COMMENTS ON THE CONSOLIDATED FINANCIAL STATEMENTS

The consolidated financial statements have been prepared in accordance with the International Financial Reporting Standards (IFRSs) issued by the International Accounting Standards Board (IASB) and with the interpretations issued by the IASB's International Financial Reporting Interpretation Committee (IFRIC), which have been ratified by the European Commission. The consolidated financial statements give a general overview of the Group's activities and the results obtained. They give a true and fair view of the entity's financial position, financial performance and cash flows, and have been prepared on the assumption that continuity is guaranteed.

  • On 3 January 2022, Roularta became 100% owner of 50+ Beurs & Festival BV, formerly a joint venture of the Group. As a result, the activities focusing mainly on seniors and health fairs in the Netherlands will bring synergies to our Dutch activities.

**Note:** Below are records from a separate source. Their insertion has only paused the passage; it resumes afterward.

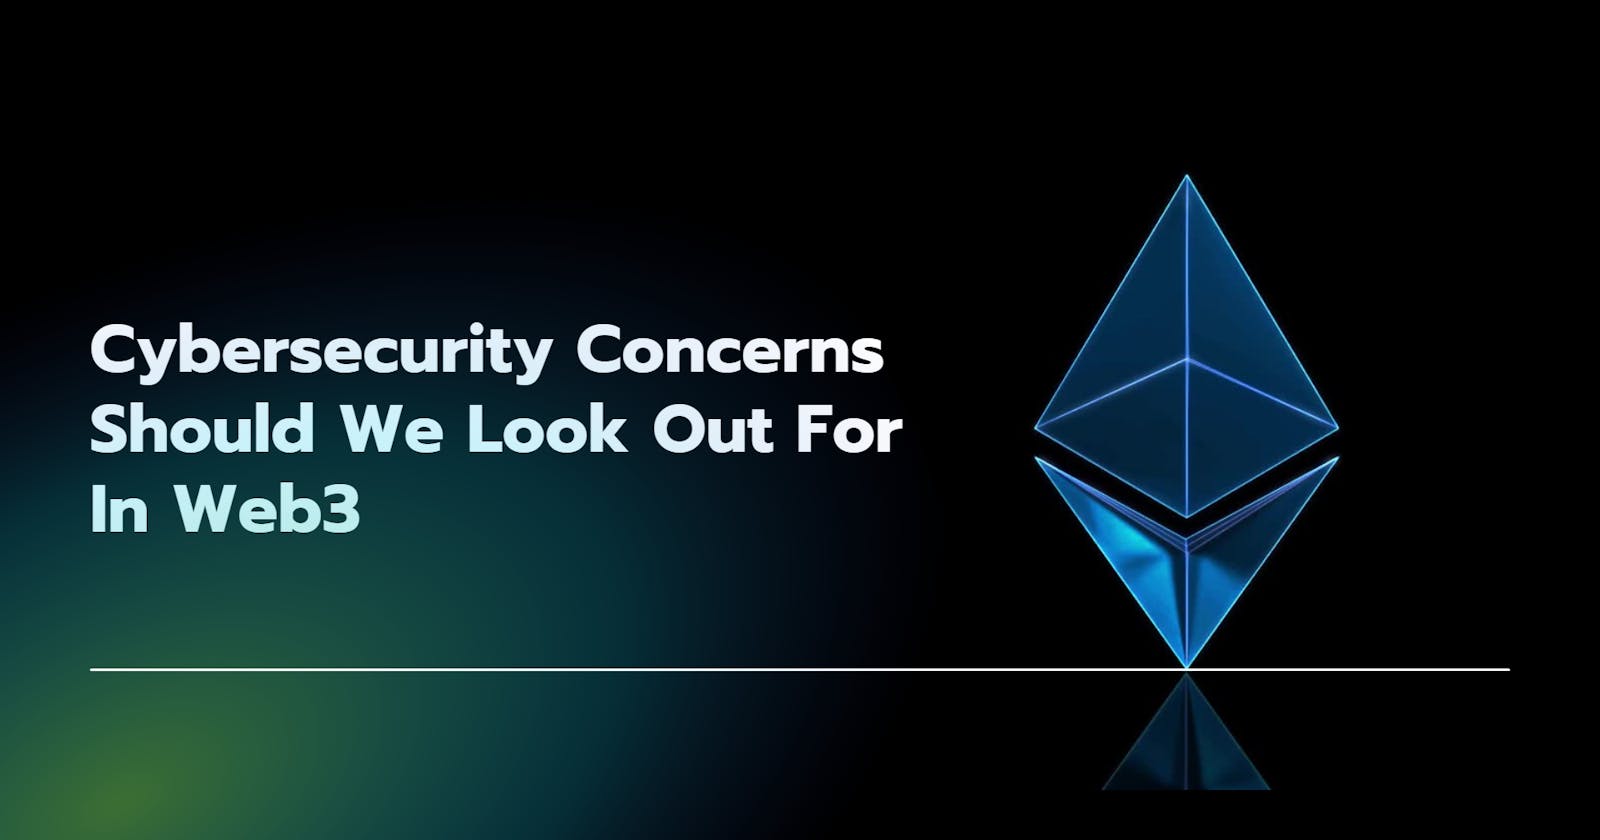 What Cybersecurity Concerns Should We Look Out For In Web3?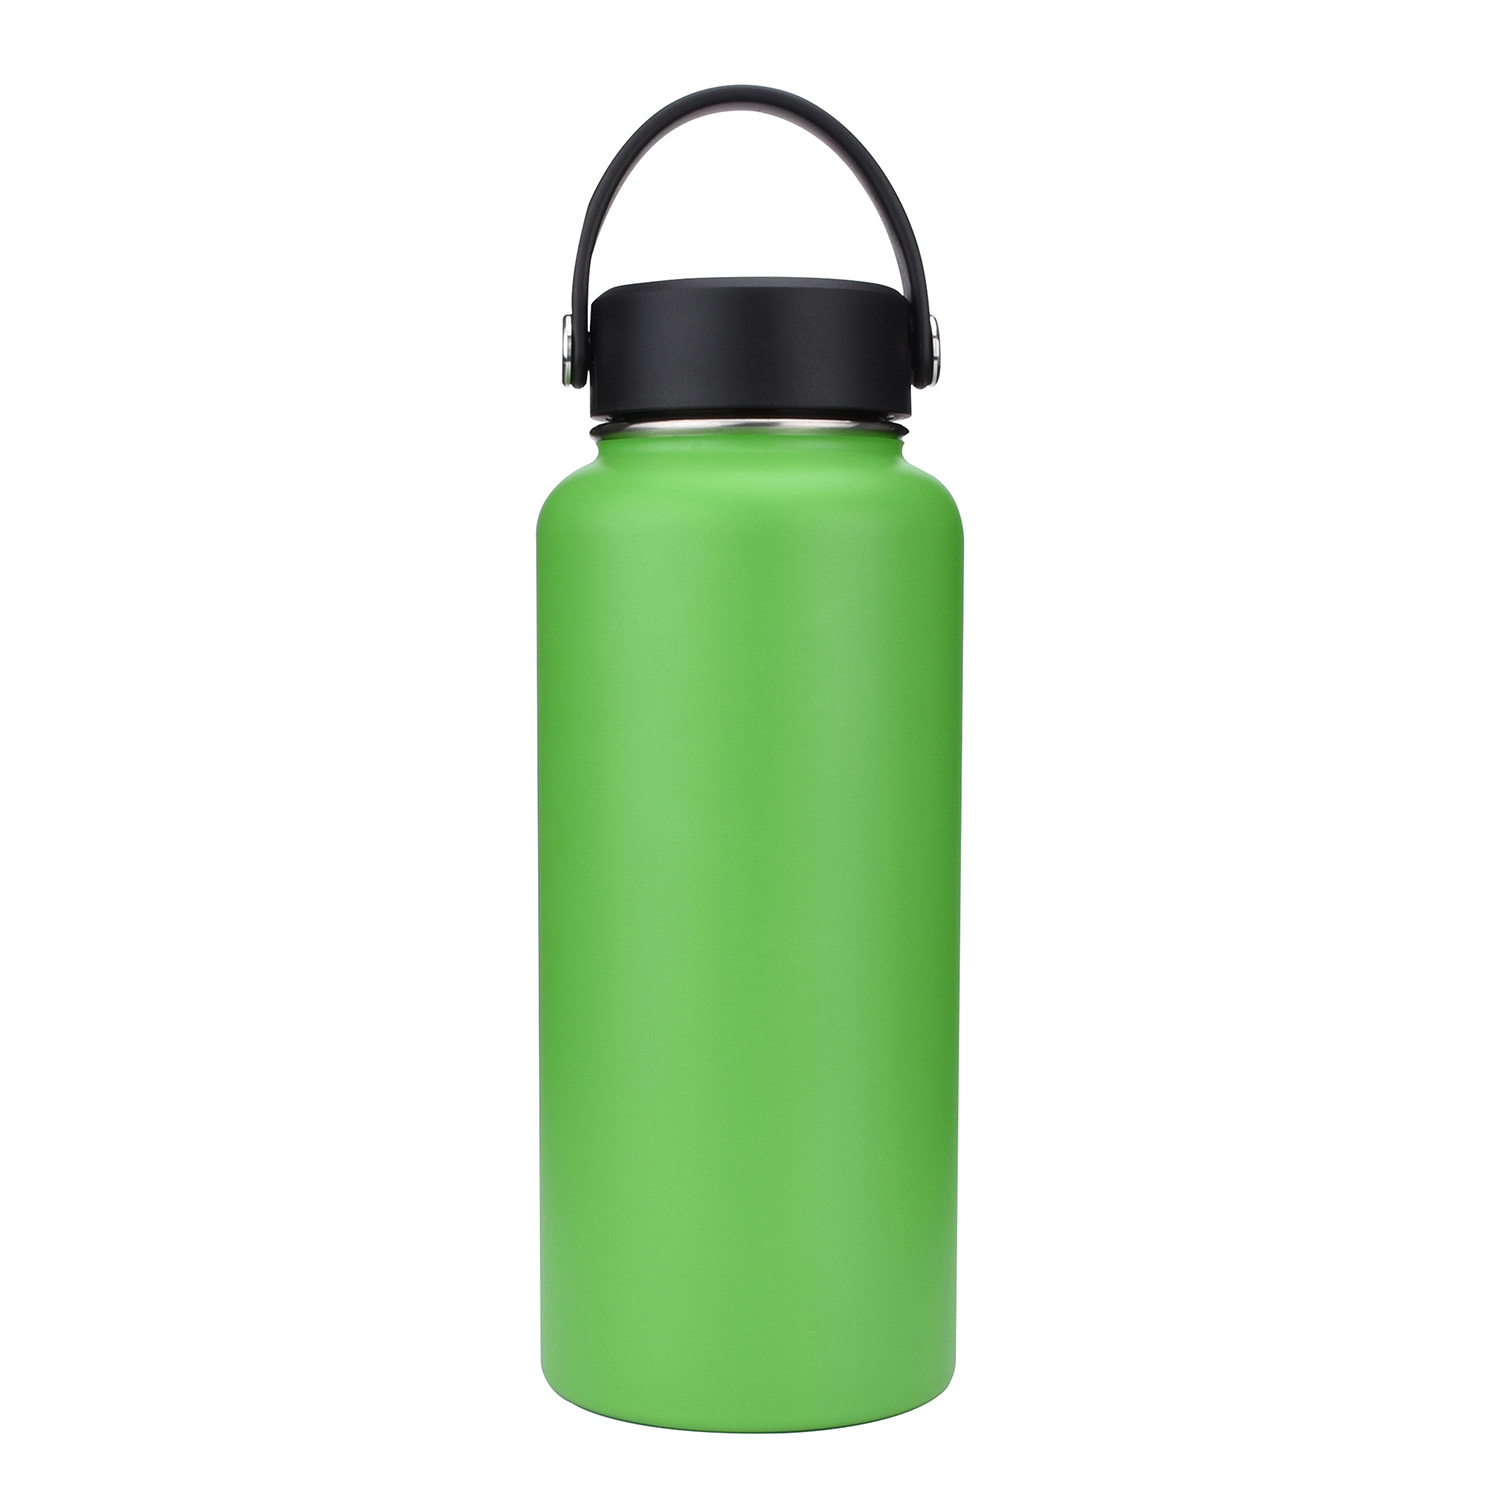 Why has my stainless steel flask thermos bottle hydro flask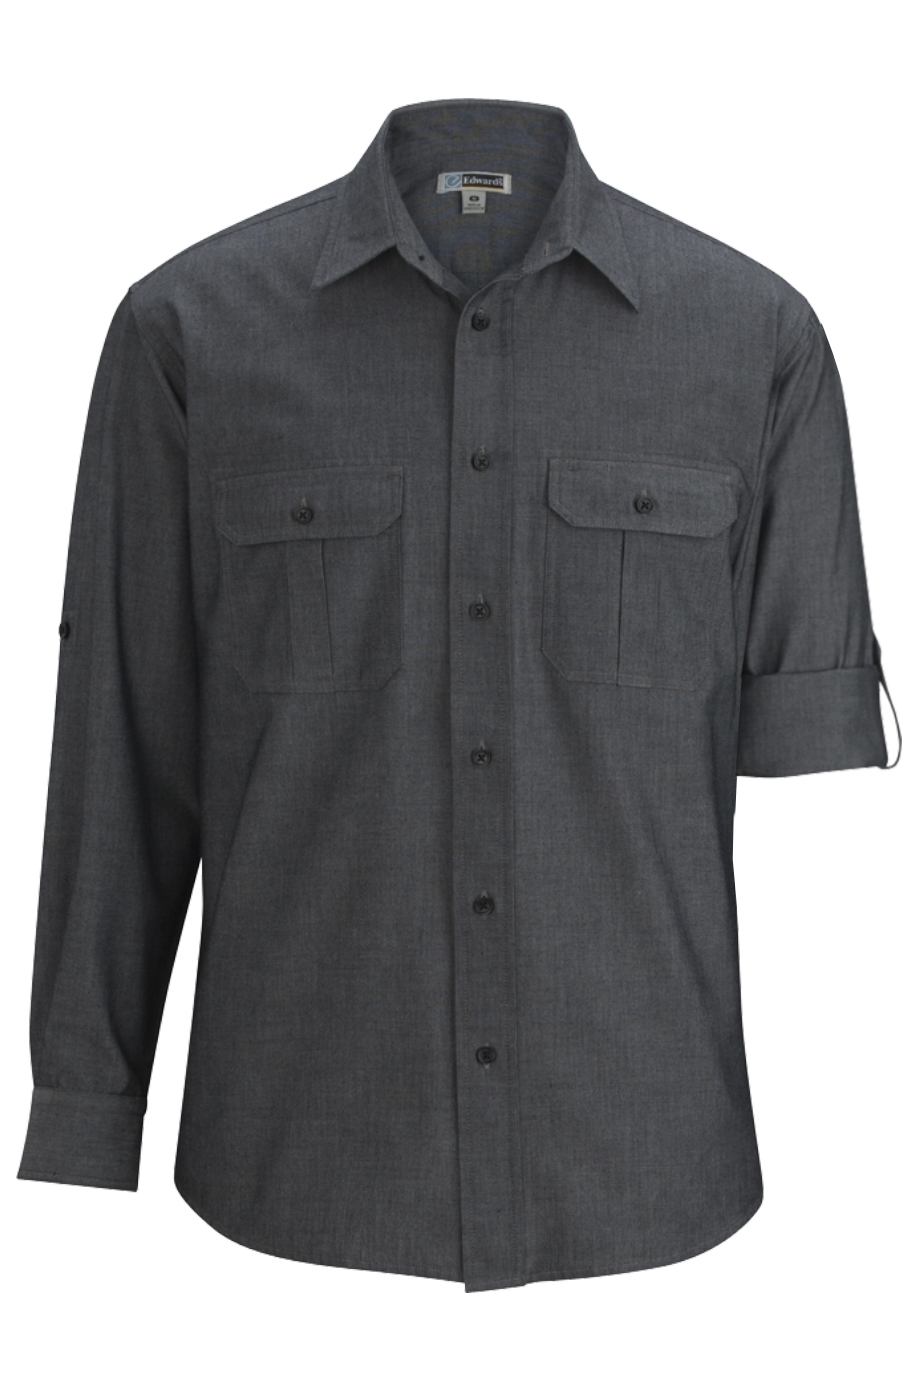 Men's Chambray Roll Up Sleeve Shirt 1298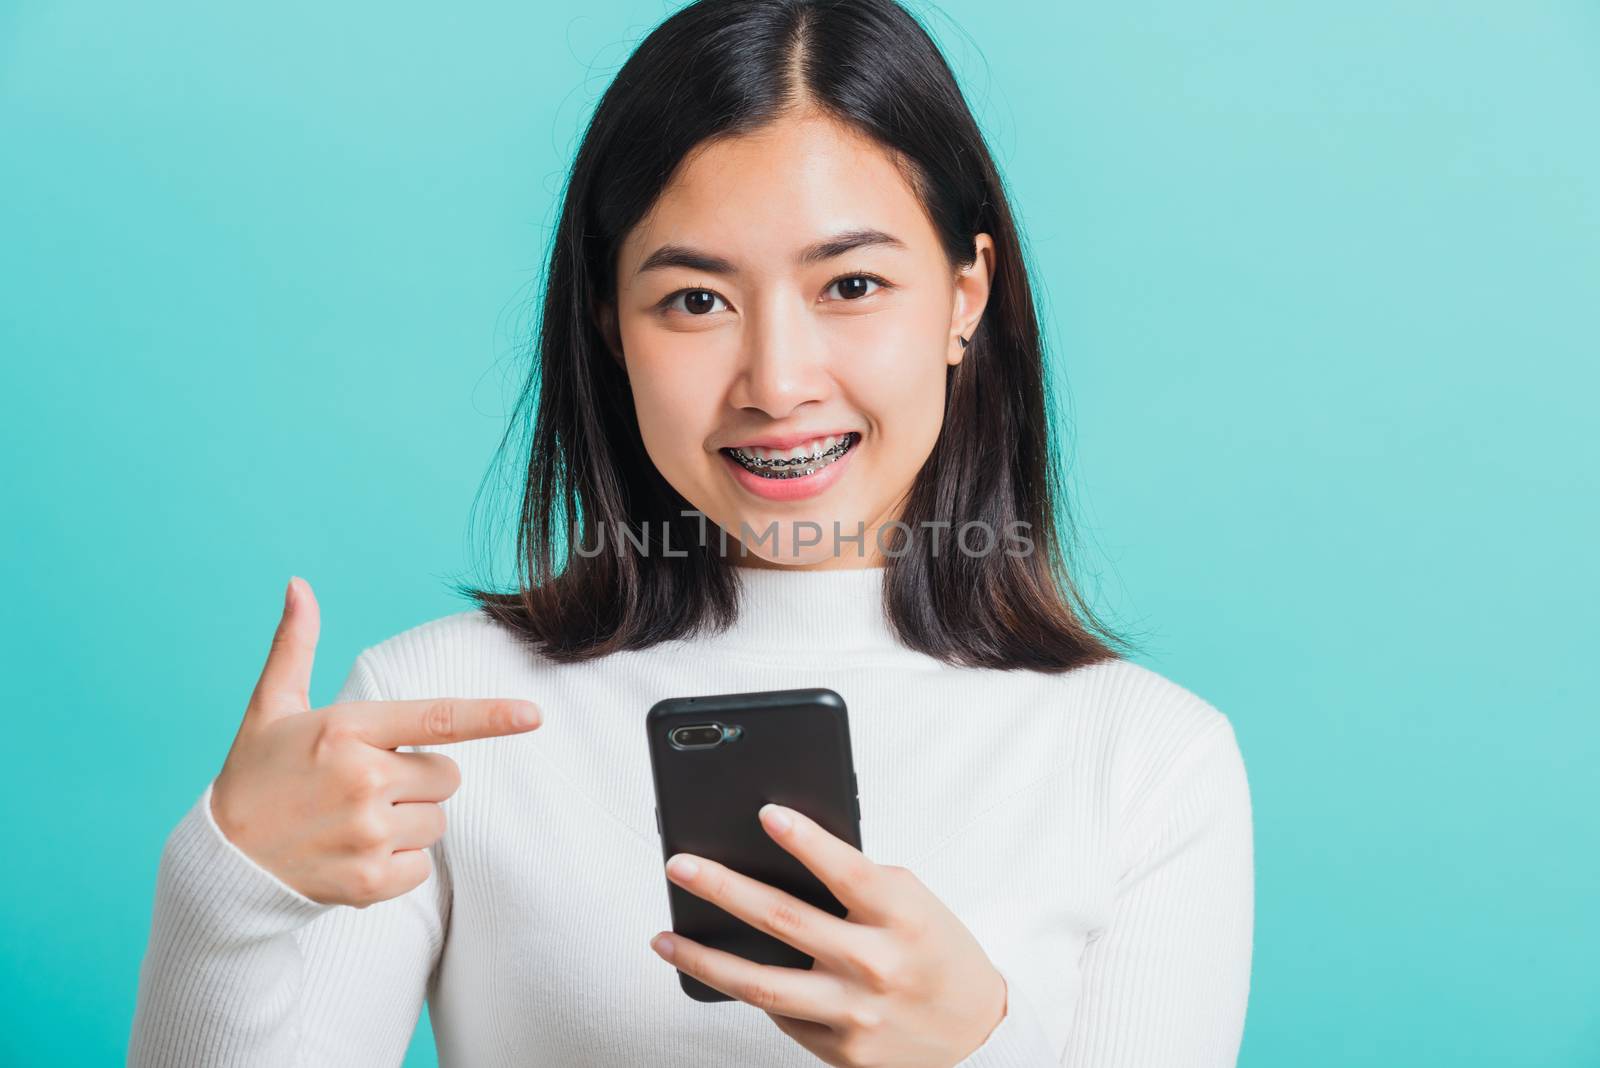 woman smile she pointing finger to a smartphone by Sorapop

  • On 25 February 2022, the closing of the acquisition of 100% of the shares in New Skool Media BV (NSM) took place. The Group thus became the owner of 20 magazine brands in the Netherlands. Together with the other magazine brands of RMG in the Netherlands, including Plus Magazine and Landleven, and their numerous line extensions, RMG will be the second largest publisher of magazine brands in the Netherlands. This makes the Netherlands RMG's second homeland. The results of NSM were included in the consolidated results of the Group from acquisition date.
  • On 1 March 2022, a number of 100% Dutch subsidiaries (Het Mediabedrijf BV, Mediaplus BV, Etadoro BV and Press Partners BV) were merged with Roularta Media Nederland BV.
  • On 29 March 2022, Roularta acquired 100% of the shares in Gezondheid NV and thus became the owner of the largest health websites in Belgium, namely gezondheid.be, passionsante.be and minimi.be. The entity merged with Roularta Media Group NV on 1 July 2022.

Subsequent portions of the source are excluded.